В здании аэропорта, в огромной стеклянной коробке, протянул свои улицы и переулки пестрый торговый городок, беспошлинный, стоязычный, донельзя самодовольный. Он навязывает свои найлоны, свои джины и виски, свои ананасы и зажигалки, свои сувенирные пепельницы в виде мельниц и башмачков. Десятки одинаковых стюардесс показывают, как одна, свои зубки, свои розоватые щечки кинозвезд — плакатные на фоне плакатных подарочно-веселых самолетов. А за стеклянными стенами с грохотом приземляются и взлетают настоящие самолеты, тех же расцветок, но усталые, озабоченные, всегда недовольные землей.
Я злюсь на все это. На тоскующий рев моторов, на рекламных стюардесс, которые ждут меня, торопят меня, на репродукторы, которые то и дело перебивают нас.
— Это хорошо, что ему стыдно, — сказал я.
Самолет из Мехико из-за плохой погоды опаздывает на полтора часа. Черт с ним, пусть опаздывает!
— Ты любишь его? — спрашиваю я вдруг.
Когда так мало времени, надо говорить о самом важном или совсем не говорить.
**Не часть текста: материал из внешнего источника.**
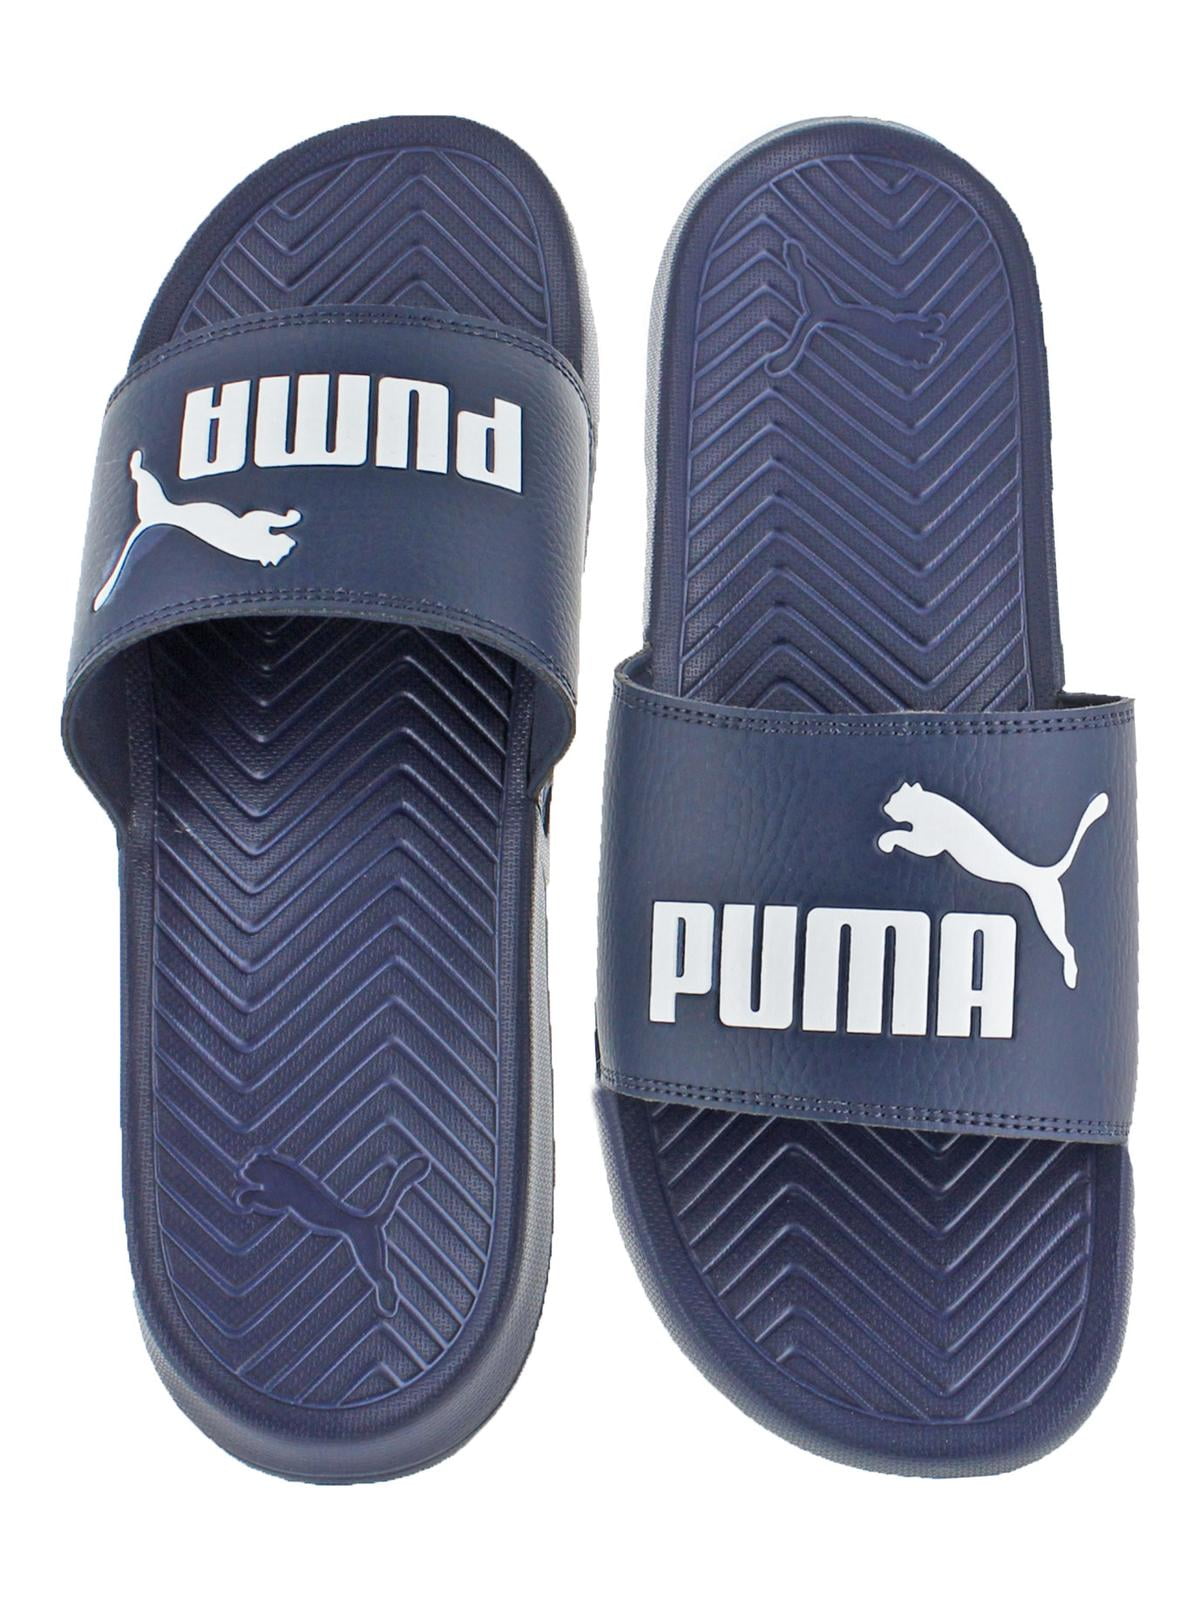 custom puma slides

— Он мой, Мишель. Нет, я никогда не любила его так... как тебя. Это материнское, наверно. Я думала, что дам ему счастье. Для матери радость — взять ребенка за руку, вести его, беречь его...
— Дети растут, Анетта.
— Да, да! А Пуассо... Он до многого так и не дорос. Я виновата, меня это забавляло. Я, наверно, плохая мать, мне нельзя доверять детей.
Прибыл самолет из Женевы. Об этом событии надо сообщить на трех языках. Отлично, хватит шума!.. Какое нам с Анеттой дело до самолета из Женевы!
— Я почти не видела тебя, Мишель...
Она не жалуется, она не хочет огорчать меня в эти минуты, но и догадываюсь: ей стало труднее с Пуассо.
— Не пропадай больше, Мишель.
— Нет.
— Ты пиши нам.
— И ты тоже. Я ведь должен знать, как тут у вас...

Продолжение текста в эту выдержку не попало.